Blocking actions, such as locking semaphores, are forbidden in RCU
read-side critical sections. Also, from a more high-level perspective,
do we need to be careful here to avoid deadlocks with frozen tasks or
stuff like that?

> +               for (vma = mm->mmap; vma; vma = vma->vm_next) {
> +                       unsigned long addr, nr_pages;
> +
> +                       if (!(vma->vm_flags & VM_WIPEONSUSPEND))
> +                               continue;
> +
> +                       addr = vma->vm_start;
> +                       nr_pages = (vma->vm_end - addr - 1) / PAGE_SIZE + 1;
> +                       while (nr_pages) {
> +                               int count = min(nr_pages, max_pages_per_loop);
> +                               void *kaddr;
> +
> +                               count = get_user_pages_remote(p, mm, addr,
> +                                                       count, gup_flags,
> +                                                       pages, NULL, NULL);

get_user_pages_remote() can wait for disk I/O (for swapping stuff back
in), which we'd probably like to avoid here. And I think it can also
wait for userfaultfd handling from userspace? zap_page_range() (which
is what e.g. MADV_DONTNEED uses) might be a better fit, since it can
yank entries out of the page table (forcing the next write fault to
allocate a new zeroed page) without faulting them into RAM.

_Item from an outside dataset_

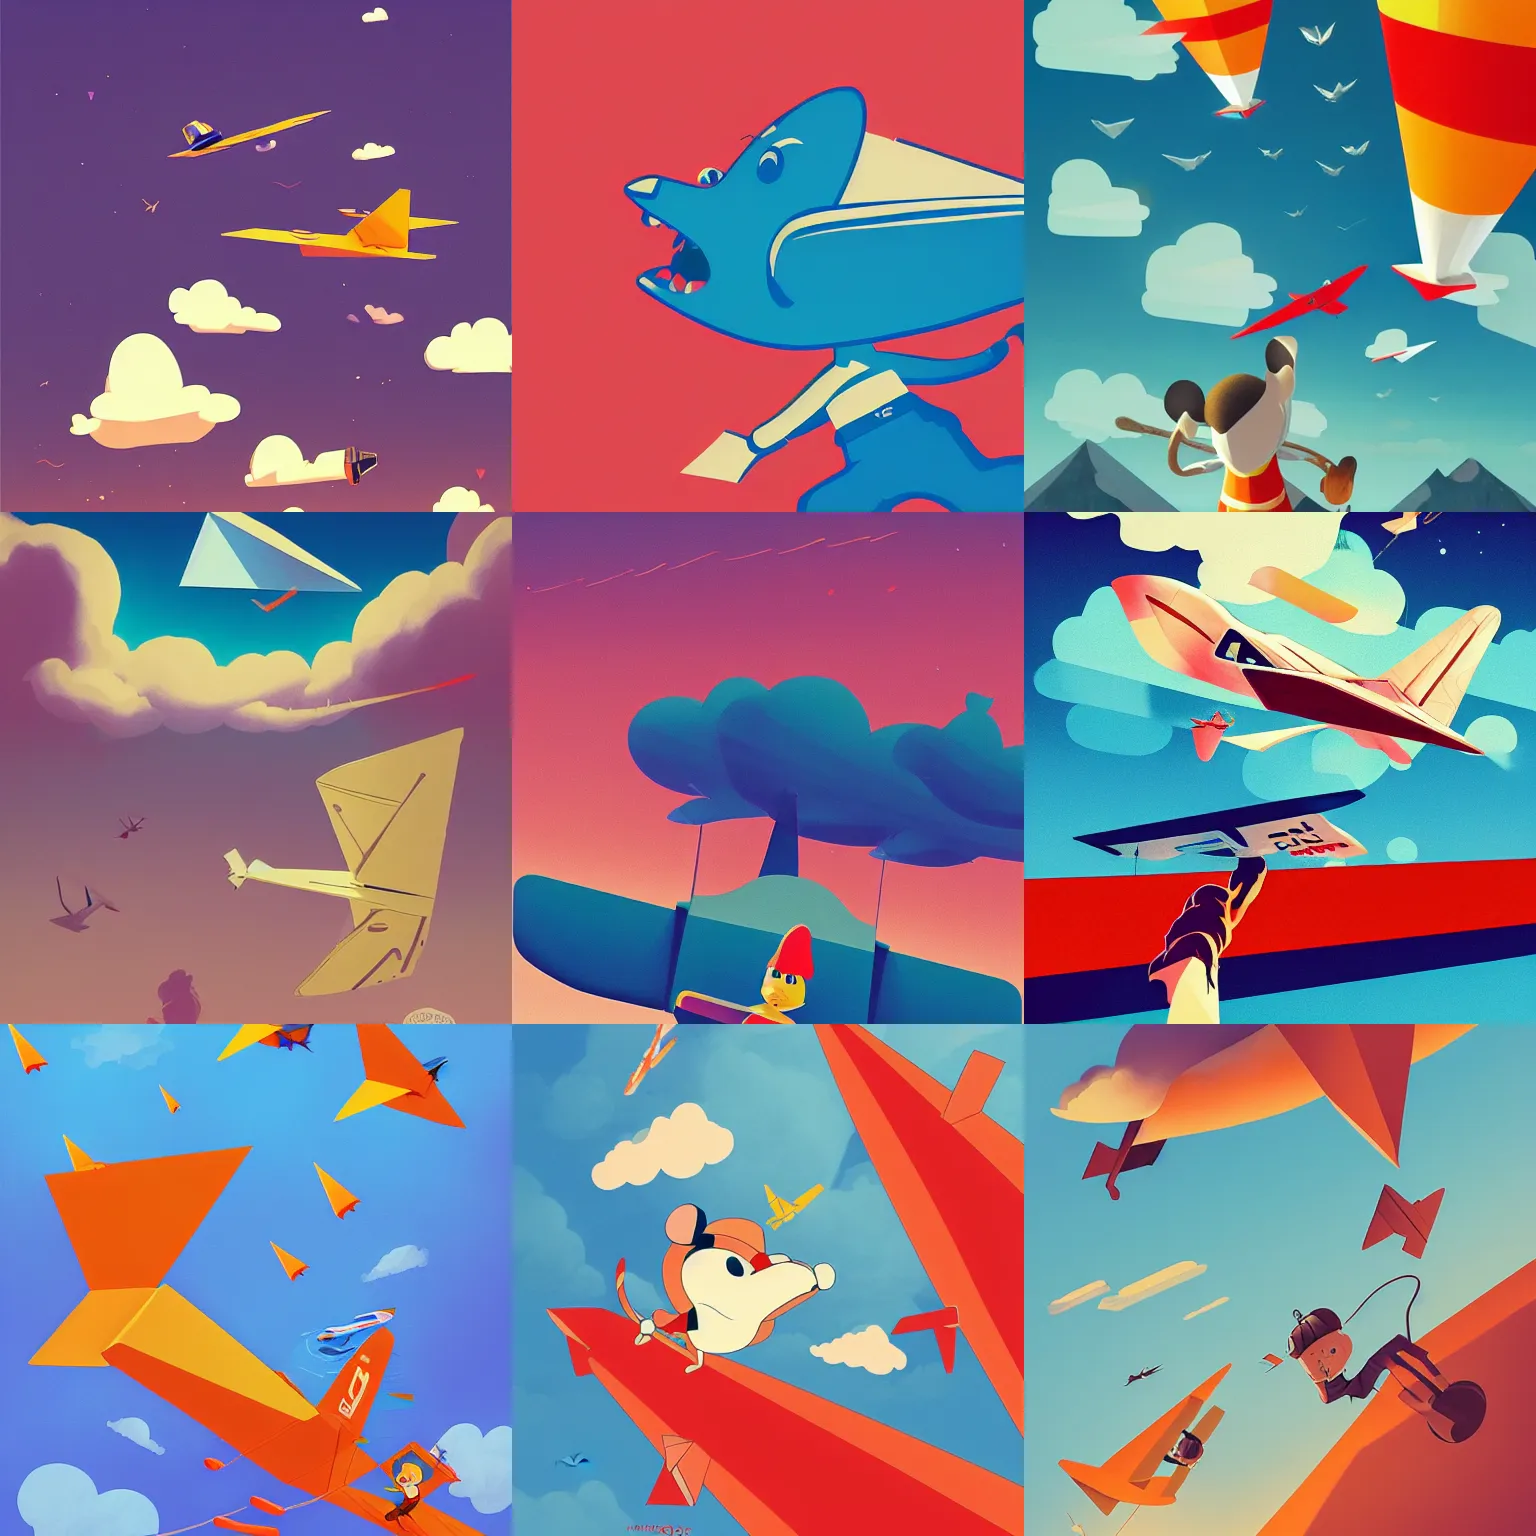 Prompt: pilot mouse in paper plane, movie poster, flying, sky, clouds, paper airplane, mice, atmospheric, full of color, illustration by James Jean, Loish Van Baarle, Ilya Kuvshinov, Disney, Pixar

> +                               if (count <= 0) {
> +                                       /*
> +                                        * FIXME: In this PoC just break if we
> +                                        * get an error.
> +                                        * In the final implementation we need
> +                                        * to handle this better and not leave
> +                                        * pages uncleared.
> +                                        */
> +                                       break;
> +                               }
> +                               /* Go through pages buffer and clear them. */
> +                               while (count) {
> +                                       struct page *page = pages[--count];
> +
> +                                       kaddr = kmap(page);
> +                                       clear_page(kaddr);
> +                                       kunmap(page);

(This part should go away, but if it stayed, you'd probably want to
use clear_user_highpage() or so instead of open-coding this.)

> +                                       put_page(page);
> +                                       nr_pages--;
> +                                       addr += PAGE_SIZE;
> +                               }
> +                       }
> +               }
> +               up_read(&mm->mmap_sem);
> +       }
> +       rcu_read_unlock();
> +}